Because of the tremendous cost resulting from the replacing of the cooking fats and oils after use thereof (normal useful life generally in the order of 2-10 days), the industry has searched for an effective and economical way to slow degradation of fats and oils and extend their usable life.

Filtering oil has long been recognized as being beneficial to extending the life of a usable frying oil. The use of powdered filter aids in combination with a cloth, paper, or wire septum removes particulate impurities from the oil, and in the case of activated filter aids, removes-dissolved products of oil degradation as well.

U.S. Pat.
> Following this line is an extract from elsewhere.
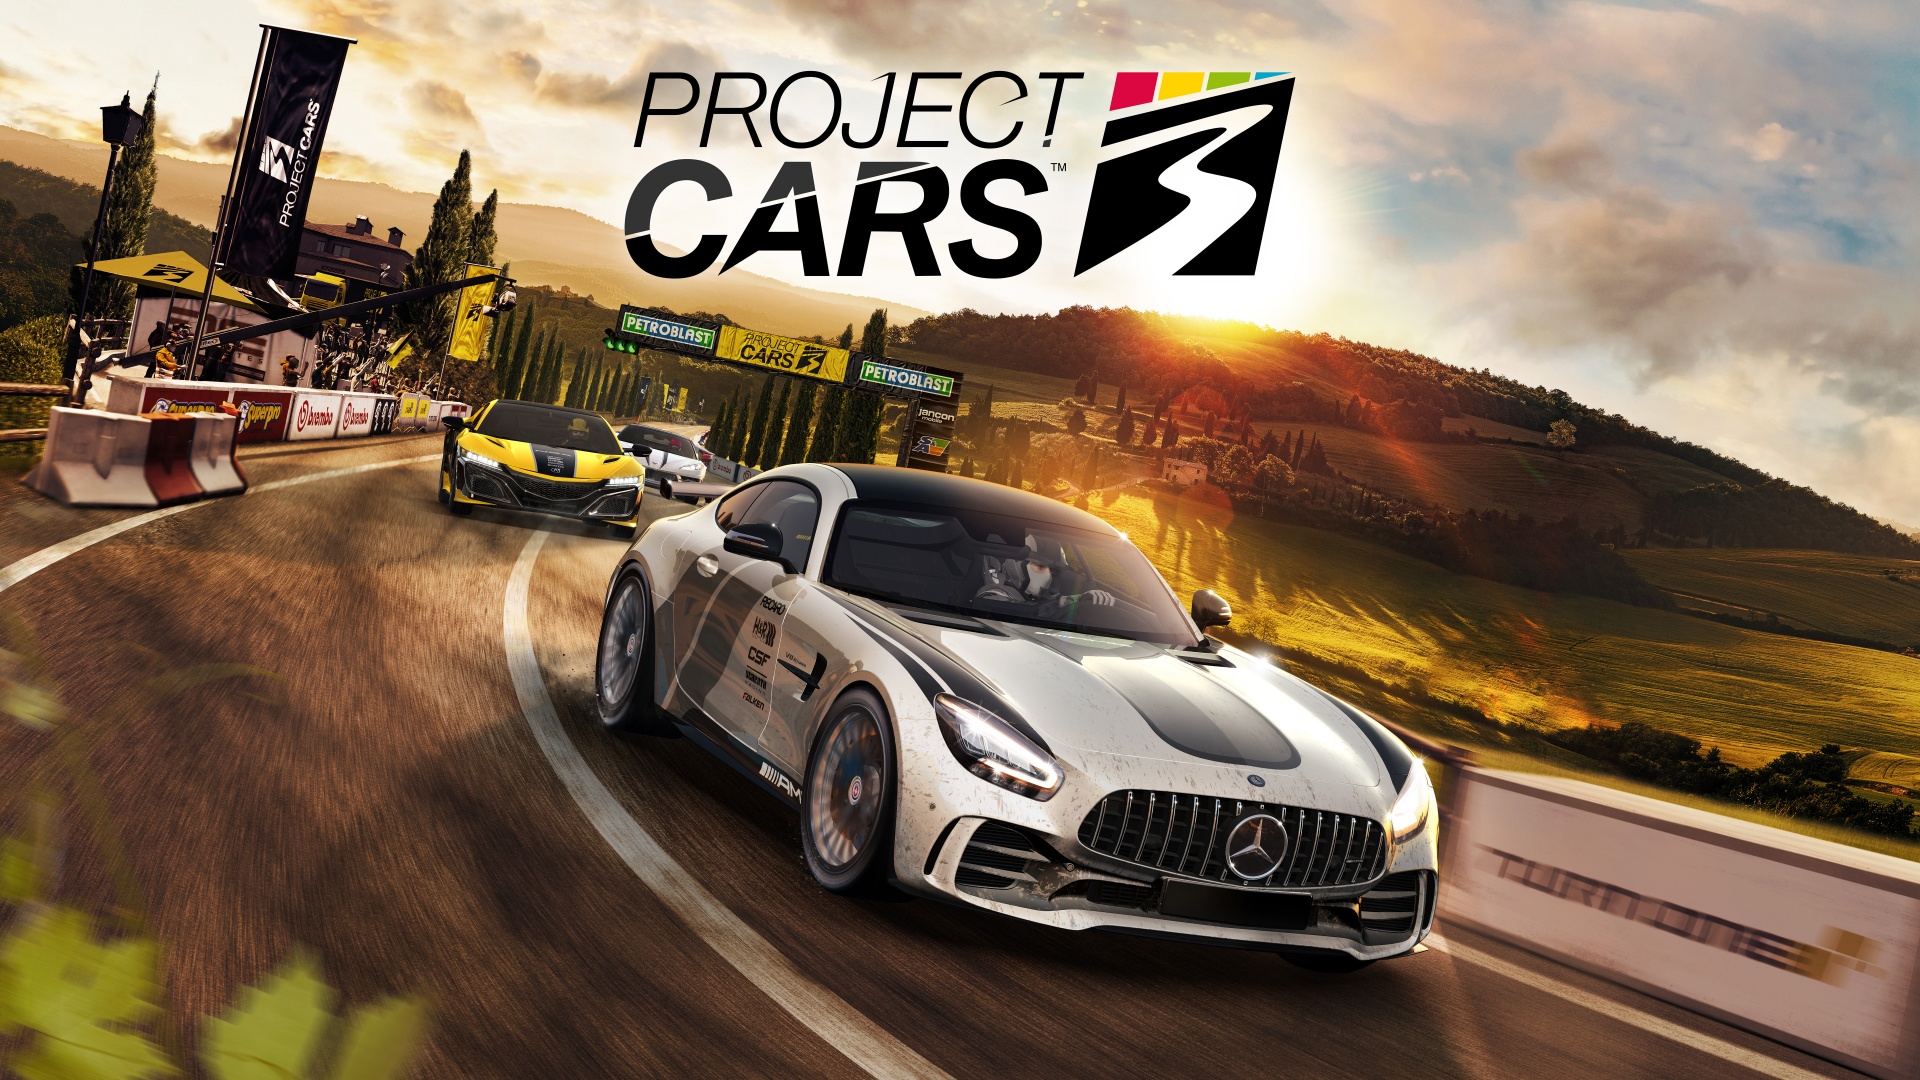 Project Cars 3 4K Wallpaper, Mercedes-AMG GT R, PC Games, PlayStation 4

No. 4,112,129, granted on September 5, 1978, discloses that a composition comprised of diatomite, synthetic calcium silicate hydrate and synthetic magnesium silicate hydrate may be employed for reclaiming used fats and oils. The patent further indicates that a synthetic magnesium silicate hydrate may not be used, by itself, for such purposes.

U.S. Patent No. 4,988,440, issued to Bernard, et al., discloses a filter for treating used cooking oil which comprises a porous sheet of substantially uniform thickness, and includes from 15 wt.% to 35 wt.% activated carbon; from 15 wt.% to 40 wt.% calcium silicate, magnesium silicate, or mixtures thereof; from 25 wt.% to 40 wt.% cellulosic fiber; up to 2 wt.% resin binder, and, optionally, up to 30 wt.% diatomaceous earth.

It is an. object of the present invention to provide an improved filter for the treatment of used cooking oils and fats.

In accordance with an aspect of the present invention, there is provided a filter which consists essentially of cellulosic fiber and magnesium silicate.

In general, the magnesium silicate is present in the filter in an amount effective to reduce the content of polar compounds.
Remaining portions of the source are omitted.